Hi, could you please send download link for Ista +.Thanks in advance


----------



## Sammy0559 (1 mo ago)

Adalbert_77 said:


> PM sent link to ista+


Could I get the link too


----------



## aodekf2 (1 mo ago)

hi, can i get link please?


----------



## spez (1 mo ago)

hi, would like to get link too. Thanks


----------



## James_Kav (Nov 15, 2019)

Thanks very much!


----------



## wiggan_ (1 mo ago)

Hi! Can I get a link please?


----------



## CosmosKramer (1 mo ago)

Could I have a link as well, please? Looking for ISTA + and P.


----------



## darkness00 (1 mo ago)

Can I please get the link for Ista+ and any files for BMW F12?
thanks in advance


----------



## Adalbert_77 (Nov 22, 2021)

darkness00 said:


> Can I please get the link for Ista+ and any files for BMW F12?
> thanks in advance





CosmosKramer said:


> Could I have a link as well, please? Looking for ISTA + and P.





wiggan_ said:


> Hi! Can I get a link please?





James_Kav said:


> Thanks very much!


PM sent


----------



## roborob301 (1 mo ago)

Please DM link


----------



## Kalill (1 mo ago)

Download link please?


----------



## Adalbert_77 (Nov 22, 2021)

roborob301 said:


> Please DM link





Kalill said:


> Download link please?


PM sent


----------



## stanogg (1 mo ago)

Intersting forum  can i also get a *link please*. Thanks a lot in advance may you have a nice christmas.


----------



## AnalNinja99 (1 mo ago)

Hello lads, may I have a link too please?

Thank you.


----------



## frankanthonyjones (1 mo ago)

May I have the link as well? Please and thank you..


----------



## shqipepp (1 mo ago)

Hello, could I have the link also? Thanks


----------



## bstanley (1 mo ago)

Can I get Ista Link … thank you


----------



## Nutti667 (1 mo ago)

Hi!
My daughter just bought a bmw so could use download link for ista d and p, thanks!

Edit!
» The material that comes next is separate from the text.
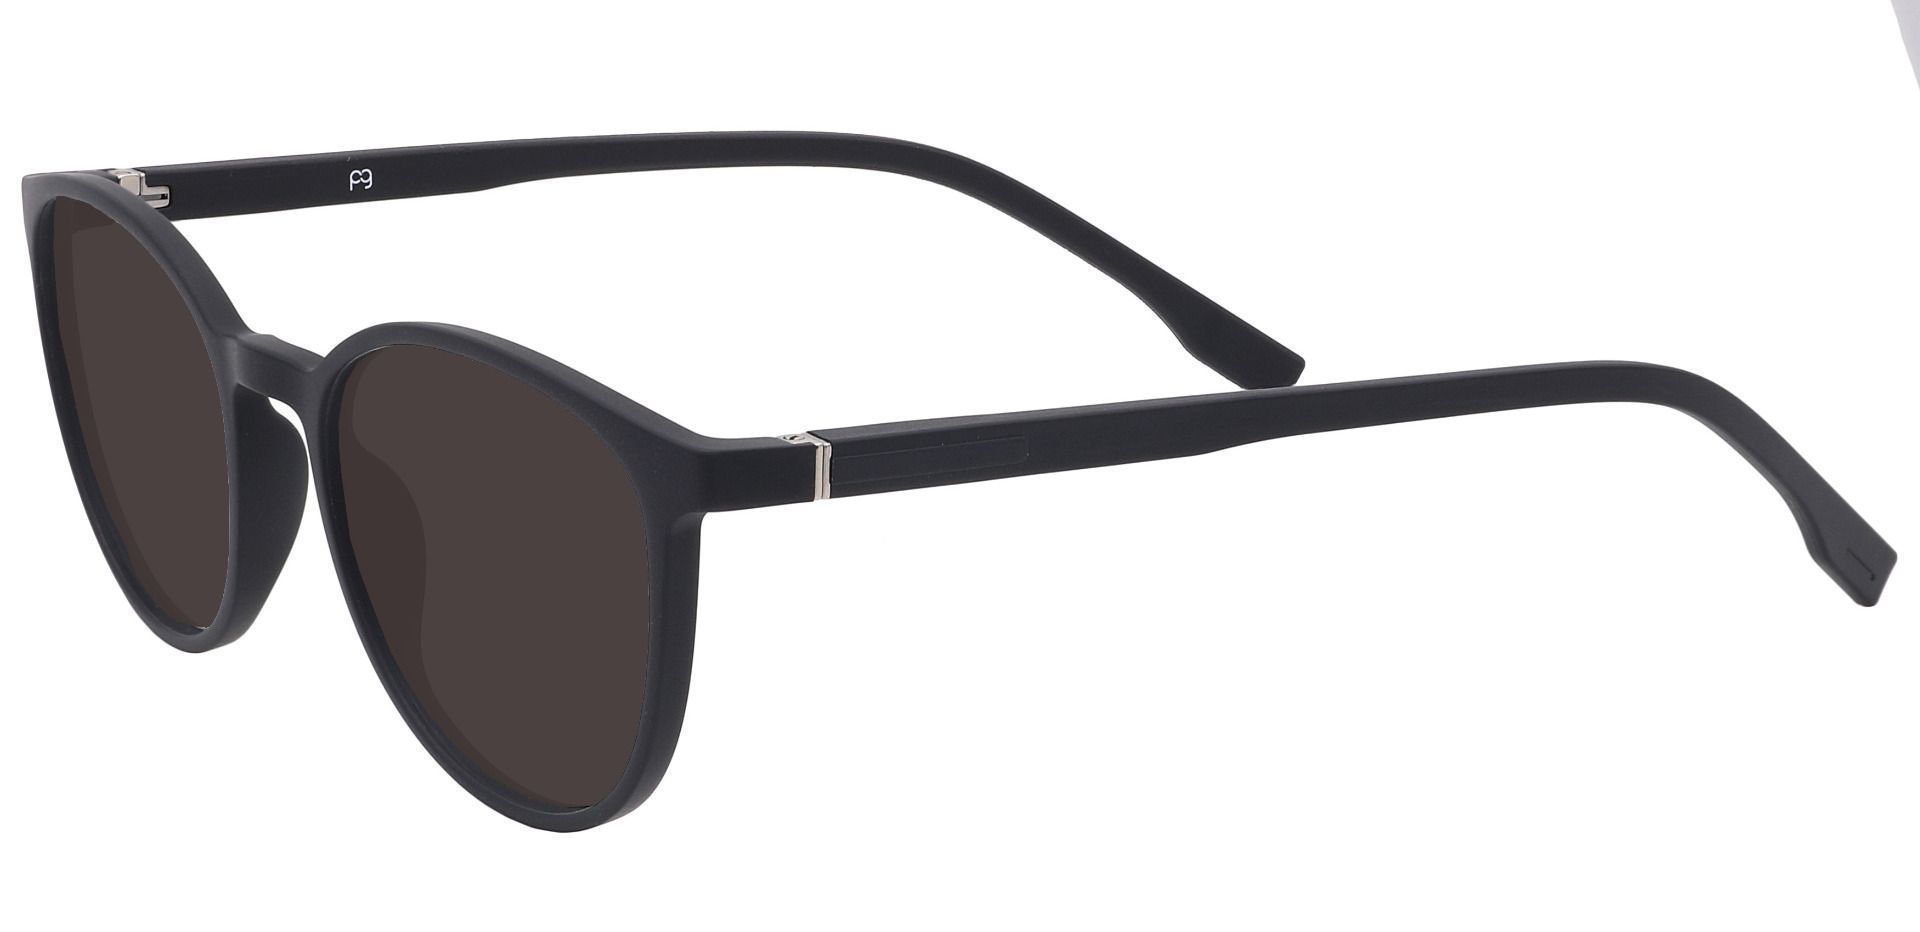 Bay Round Prescription Sunglasses - Black Frame With Gray Lenses

Wrong thread!


----------



## robbertjanmelissant7 (1 mo ago)

Could I get the link please?


----------



## dcan90 (1 mo ago)

can i also get the link for ista D and P please and thank you? I have a 2002 E46 so from what i read ista+ wont work?


----------



## PowerHustler (9 mo ago)

Adalbert_77 said:


> PM sent


How can I get the HWID license key for ISTA/D?


----------



## anotherdieselkid (1 mo ago)

Can I get a link too?? Thanks!!


----------



## DaveC03 (1 mo ago)

Hi, any chance of obtaining the ISTA link please?
Thanks in advance, and hope you have a great Xmas


----------



## x000x (1 mo ago)

nice forum  can i also get a *link please*. Thanks a lot in advance may you have a nice xmas.


----------



## Mara34 (8 mo ago)

Hey guys! Looking for ISTA+ download link also! PM please. Thanks


----------



## NiklasG (1 mo ago)

Hello everyone. I am also looking for ISTA+, preferably a german version. Thank you!


----------



## Adalbert_77 (Nov 22, 2021)

x000x said:


> nice forum  can i also get a *link please*. Thanks a lot in advance may you have a nice xmas.





DaveC03 said:


> Hi, any chance of obtaining the ISTA link please?
> Thanks in advance, and hope you have a great Xmas





anotherdieselkid said:


> Can I get a link too?? Thanks!!





PowerHustler said:


> How can I get the HWID license key for ISTA/D?





dcan90 said:


> can i also get the link for ista D and P please and thank you? I have a 2002 E46 so from what i read ista+ wont work?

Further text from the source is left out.